The sample implements a specular physically-based (PBR) pathtracer to calculate per-pixel color. It casts radiance and shadow rays as the rays bounce around the scene. AO rays are raytraced and denoised in a separate pass. This can improve GPU's performance by running a single type of rays at a time. It also provides an opportunity to manually pre-sort the rays. The denoiser supports a single AO value per pixel and since it depends on per-pixel normal, depth and motion vector data, it implicly requires each pixel to represent only a single surface hit point. This is not always the case as the pathracer can hit multiple surfaces for a single camera ray. To address this, the pathtracer uses a heuristic to pick a single surface hit. It selects a hit position with the highest perceived material luminance. That luminance depends on the surface's material albedo scaled by the radiance's ray radiance contribution. All other surfaces are lit with a constant ambient term when a radiance ray hits a surface. This generally works well as switching between selected surfaces across frames (i.e. due to the radiance ray incidence angle changing and thus fresnel ratio changing) is rare and is not very noticeable in the final composited image.

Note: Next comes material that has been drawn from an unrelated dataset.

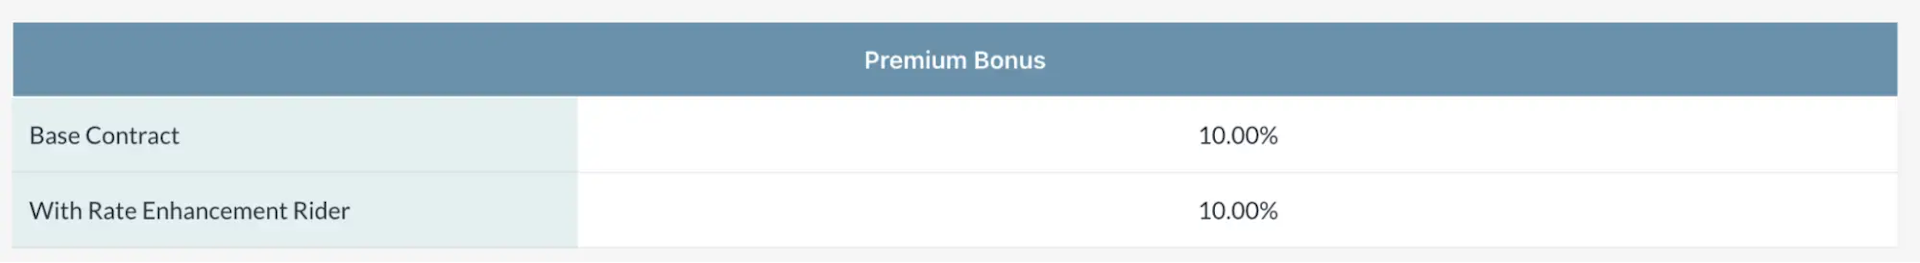 premium bonus

The sample supports two AO raytracing execution modes:
- standard 2D DispatchRays()
- pre-sorting AO rays and then executing 1D DispatchRays() over an input buffer of sorted rays.
The sample also supports checkerboard sampling. That is tracing rays for pixels in a checkerboard pattern, alternating frame to frame. For 1 spp setting, it results in 0.5 spp and improving AO raytracing performance. Tracing rays is particularly expensive on non-Turing GPUs and thus checkerboard option can help to get to acceptable raytracing performance. The denoiser supports a checkerboard AO input.
- Raysorting implemention supports 1 or lower spp only.
- The checkerboard sampling is supported on the sorted raytraced AO path. Currently, standard 2D DispatchRays() path doesn't skip over inactive pixels. This is trivial to extend should you need it.
Random samples for sampling of a hemisphere with AO rays are generated with a cosine weighted multi-jittered sampler (see Section 5.3.4 in book Ray Tracing from the Ground Up). Given low spp requirements of the sample, generating 1 sample sample sets per pixel would result in poor sampling quality of a hemisphere. Instead the sample generates sample sets for NxN pixels (i.e. 8x8). Then each pixel from NxN pixel set randomly picks a unique sample from this set at raytrace time. This way the hemisphere sampling is improved across local pixel neighborhoods making the local denoising even more effective at sampling the hemisphere. As long as the local neighborhoods (i.e. 8x8 pixels) are spatially close, have similar surface normal and denoiser blurs among them, the sampling quality is improved.
- NxN sample set distribution is only supported for 1 spp. On 2+ spp settings, it will use 1x1 sample set distribution. This is trivial to extend should you need it.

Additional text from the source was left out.